You may be potentially affected by this action if you are an agricultural producer, food manufacturer, or pesticide manufacturer. The following list of North American Industrial Classification System (NAICS) codes is not intended to be exhaustive, but rather provides a guide to help readers determine whether this document applies to them. Potentially affected entities may include:
- Crop production (NAICS code 111).
- Animal production (NAICS code 112).
- Food manufacturing (NAICS code 311).
- Pesticide manufacturing (NAICS code 32532).
B. How can I get electronic access to other related information?
You may access a frequently updated electronic version of 40 CFR part 180 through the Government Printing Office's e-CFR site at http://www.ecfr.gov/cgi-bin/text-idx?&c=ecfr&tpl=/ecfrbrowse/Title40/40tab_02.tpl.
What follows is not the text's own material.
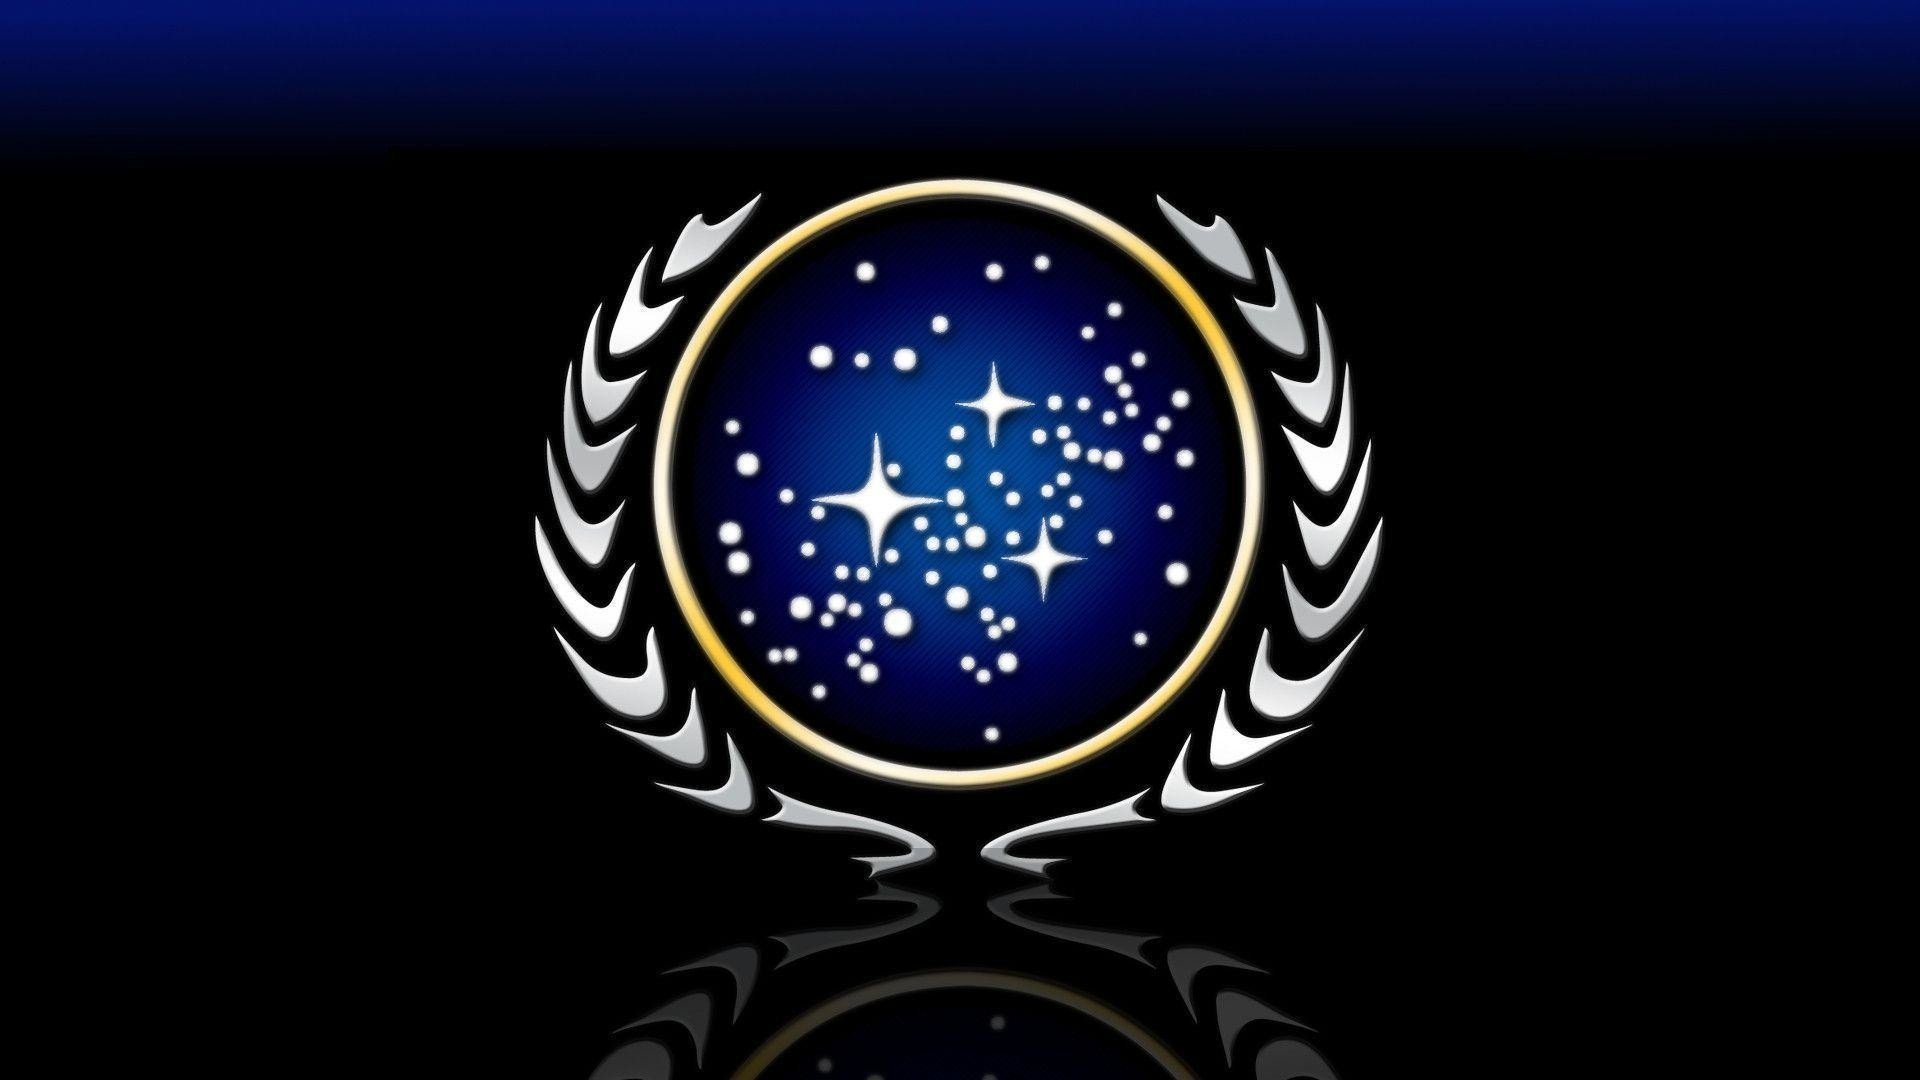 Star Trek, U.F.P. Wallpaper by ghostfac3killah on DeviantArt

C. How can I file an objection or hearing request?
Under section 408(g) of the Federal Food, Drug, and Cosmetic Act (FFDCA), 21 U.S.C. 346a, any person may file an objection to any aspect of this regulation and may also request a hearing on those objections. You must file your objection or request a hearing on this regulation in accordance with the instructions provided in 40 CFR part 178. To ensure proper receipt by EPA, you must identify docket ID number EPA-HQ-OPP-2012-0832 in the subject line on the first page of your submission. All objections and requests for a hearing must be in writing, and must be received by the Hearing Clerk on or before February 10, 2014. Addresses for mail and hand delivery of objections and hearing requests are provided in 40 CFR 178.25(b).
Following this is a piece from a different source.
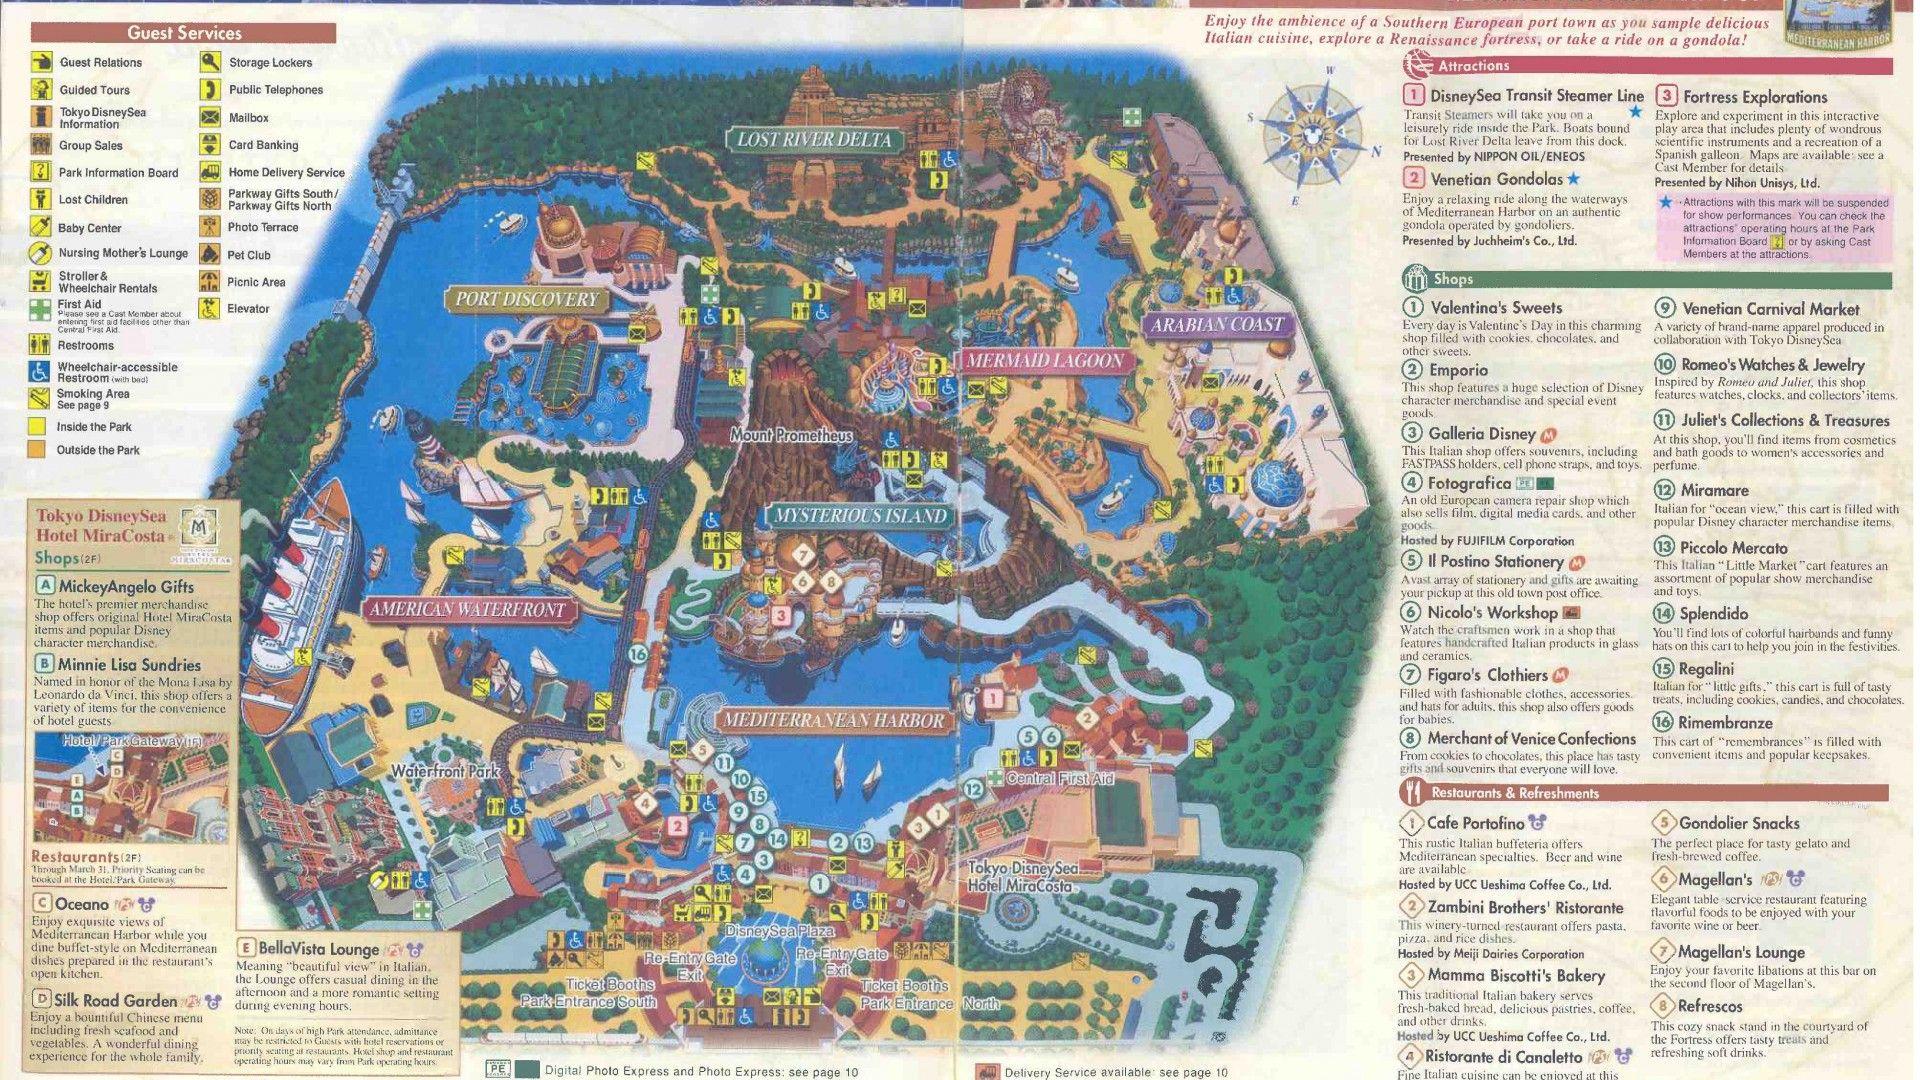 Tokyo Disneysea Is A 176 Acre (7122 Ha) Theme Park At

In addition to filing an objection or hearing request with the Hearing Clerk as described in 40 CFR part 178, please submit a copy of the filing (excluding any Confidential Business Information (CBI)) for inclusion in the public docket. Information not marked confidential pursuant to 40 CFR part 2 may be disclosed publicly by EPA without prior notice. Submit the non-CBI copy of your objection or hearing request, identified by docket ID number EPA-HQ-OPP-2012-0832, by one of the following methods:
Federal eRulemaking Portal: http://www.regulations.gov. Follow the online instructions for submitting comments. Do not submit electronically any information you consider to be CBI or other information whose disclosure is restricted by statute.
Mail: OPP Docket, Environmental Protection Agency Docket Center (EPA/DC), (28221T), 1200 Pennsylvania Ave. NW., Washington, DC 20460-0001.
Hand Delivery: To make special arrangements for hand delivery or delivery of boxed information, please follow the instructions at http://www.epa.gov/dockets/contacts.html.
Additional instructions on commenting or visiting the docket, along with more information about dockets generally, is available at http://www.epa.gov/dockets.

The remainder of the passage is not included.